I'm trying to implement heatmaps of class activation in theano, based on section 5.4.3 Visualizing heatmaps of class activation of Deep learning with Python.

I'm able to compute the gradient of the predicted class (class 0) with regard to input samples in the mini-batch.
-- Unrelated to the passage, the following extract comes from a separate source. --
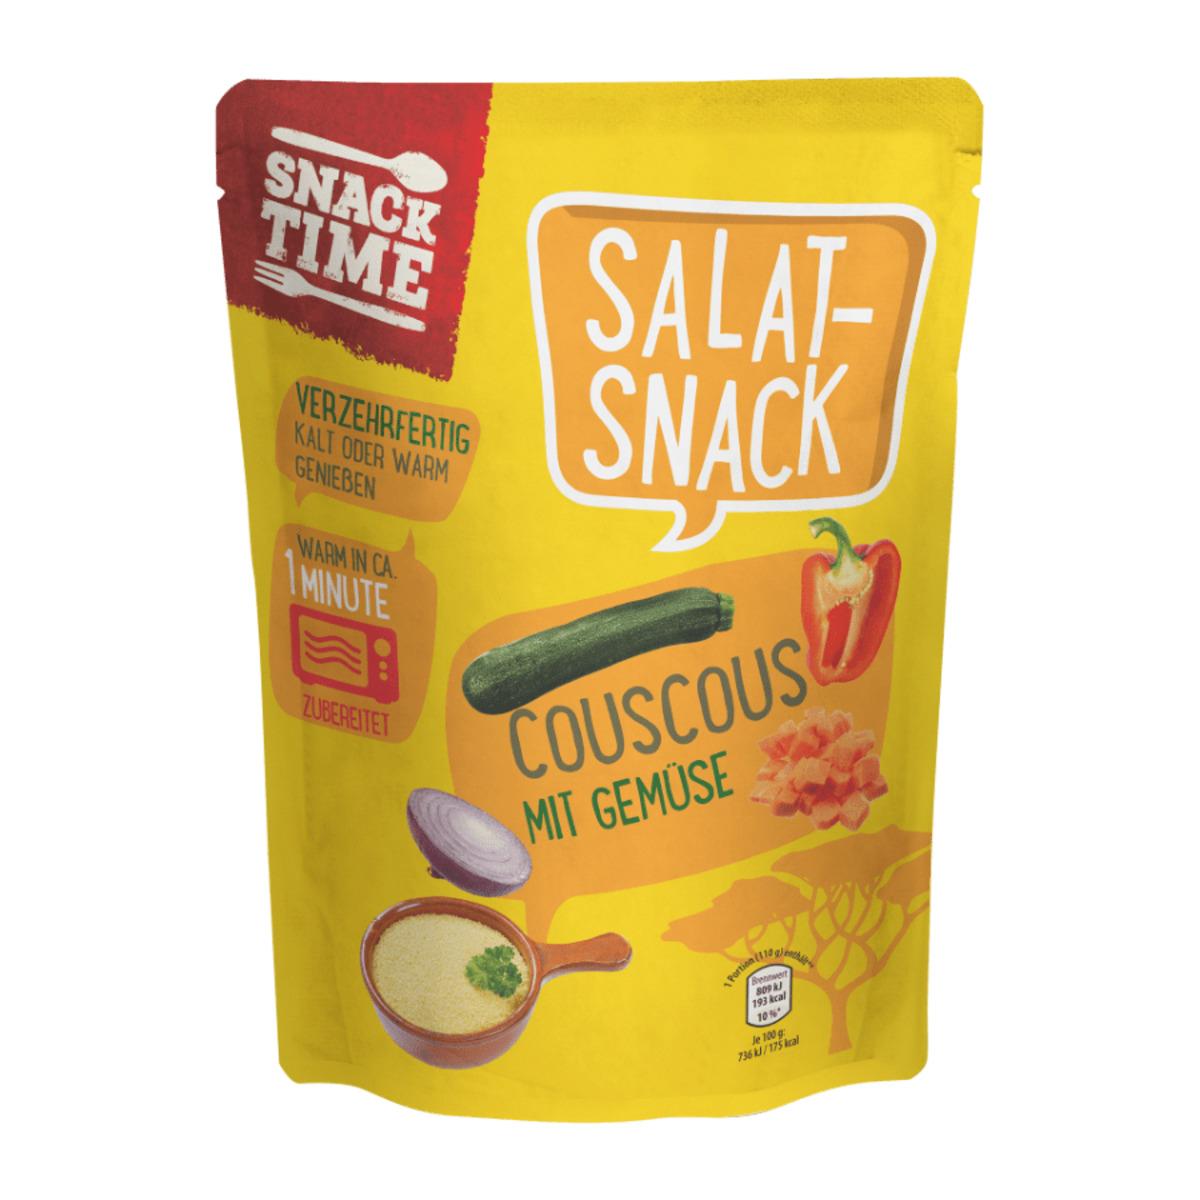 Bild 3 von SNACK TIME     Salat-Snack

Here are the relevant parts of my code:
import theano.tensor as T
import numpy as np
import lasagne as nn
import importlib
import theano
from global_vars import *
theano.config.floatX = 'float32'

seq_len = 19
num_features = 42
config_name = 'pureConv'
config_initialize(config_name)

metadata_path = "metadata/pureConv/dump_pureConv-20230429-160908-223.pkl"
metadata = np.load(metadata_path, allow_pickle=True)

config = importlib.import_module("configurations.%s" % config_name)
params = np.array(metadata['param_values'])
l_in, l_out = config.build_model()
nn.layers.set_all_param_values(l_out, metadata['param_values'])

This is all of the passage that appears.